Solar activity, which space weather experts measure by the number of visible sunspots, rises and falls on a cycle that lasts roughly 11 years from minimum to minimum, although one cycle can be as short as nine years or as long as 13. The sun‘s new cycle is about two years in and should peak around 2025; although cycle 25 is expected to be stronger than its predecessor, it is still predicted to be feebler than average.
“There’s a few predictions that [cycle 25] might be strong, but we’ll wait and see,” Mark Miesch, a space weather observer at the University of Colorado Boulder, told Space.com.
Looking at the progression of the latest trend line, cycle 25’s intensity might seem to be higher than expected. This apparently high activity is partly because the cycle began around six months earlier than scientists had anticipated — a natural difference, according to Miesch, who told Space.com that this cycle so far is still within the range of most predictions.
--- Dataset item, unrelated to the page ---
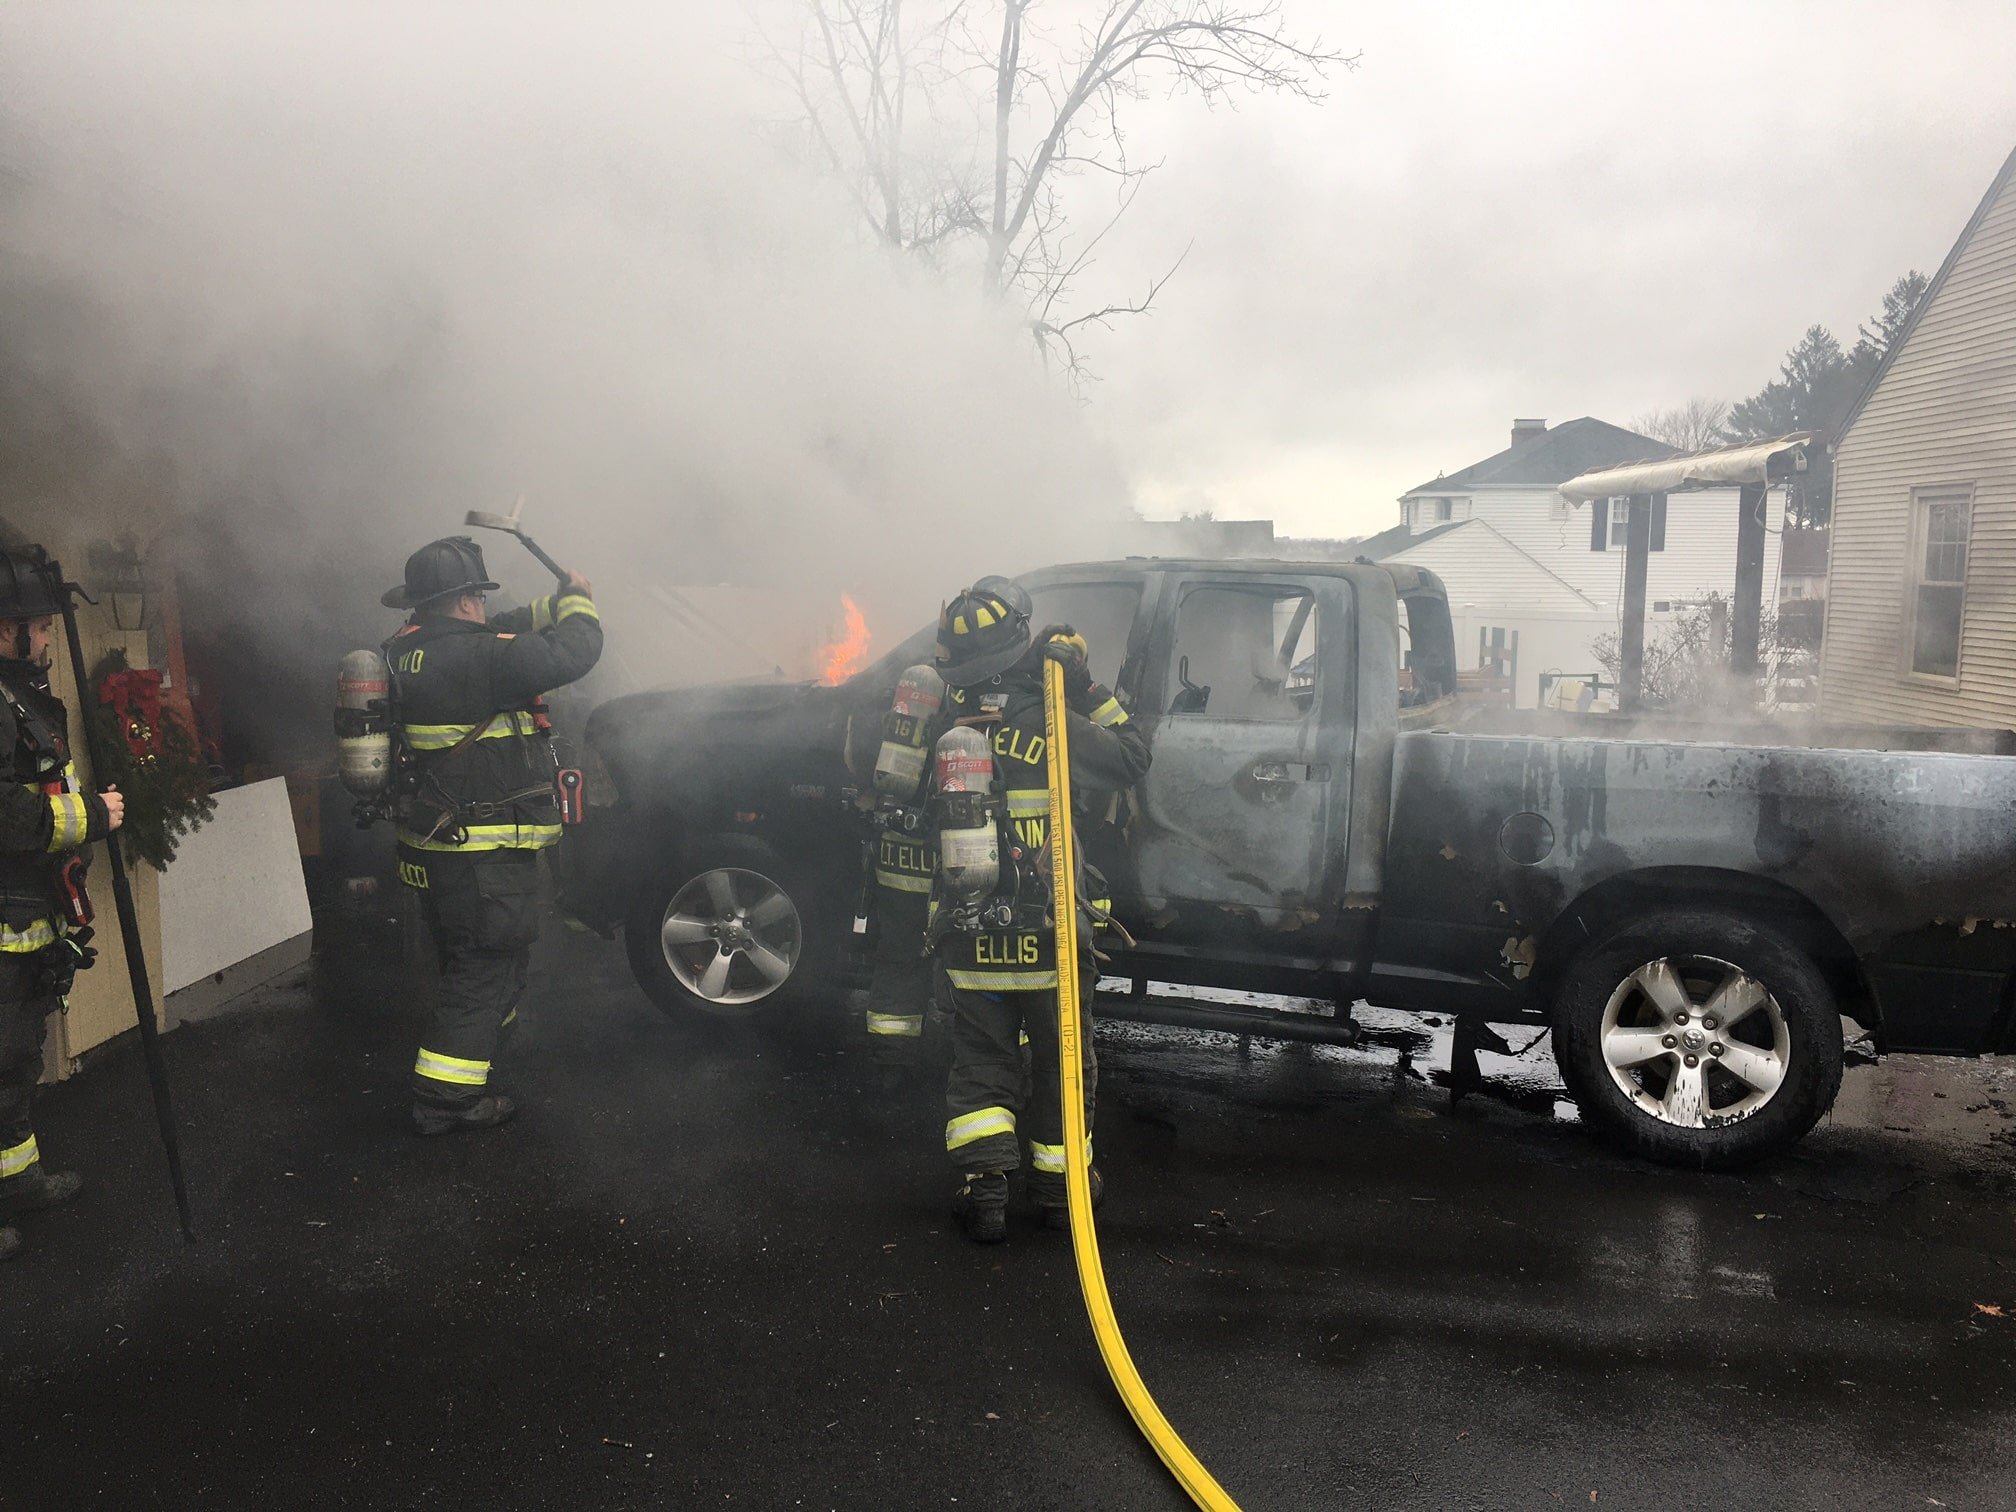 Deputy Chief William Higgins reports that Enfield Fire District No. 1 extinguished a pickup truck fire earlier today. (Photo courtesy Enfield Fire District)

Current trends point to the sun having about 125 sunspots when cycle 25 peaks. That’s more than the 115 sunspots visible at the peak of cycle 24, but still much lower than the 180 of cycle 23, which peaked in March 2000 and was about middling in recorded history.
Excitingly for some, the cycle 25 peak will likely occur around the same time as the total solar eclipse of April 2024, which will be visible from an arc across North America stretching from Sinaloa in Mexico to Newfoundland in Canada. A more active sun sports a more dynamic corona, the outer atmosphere of the sun that we can see only when the moon blocks out the main disk.
“We’ll have a pretty interesting corona to see during the eclipse,” Miesch told Space.com.
In watching the sun, astronomers hope to gain more knowledge about the long-term trends that potentially drive these cycles. Even though scientists have compiled a continuous record of solar cycles back to the mid-18th century, with occasional data from well before that date, astronomers still don’t know very much about how solar cycles change and evolve over the long term.
For instance, over the past four solar cycles going back to the 1970s, each successive cycle has had a weaker peak than its predecessor.
“It’s not very common to have a trend last more than four solar cycles,” Miesch told Space.com.
If solar cycle 25 turns out to be stronger than its predecessor, that weakening trend would end, supporting an idea called the Gleissberg cycle. This theory holds that cycles’ peaks grow stronger then weaken in a waveform that repeats every century. Indeed, the weak cycles of today seem to mimic similarly weak cycles in the early 20th and early 19th centuries, while the cycles of the mid-20th century were especially strong.
But it’s too soon for scientists to have any sort of consensus on the matter.
“You’d think we’d have a lot of data on [solar cycles], but it takes 11 years to get one data point,” Miesch told Space.com. “It makes solar cycle studies a little difficult.”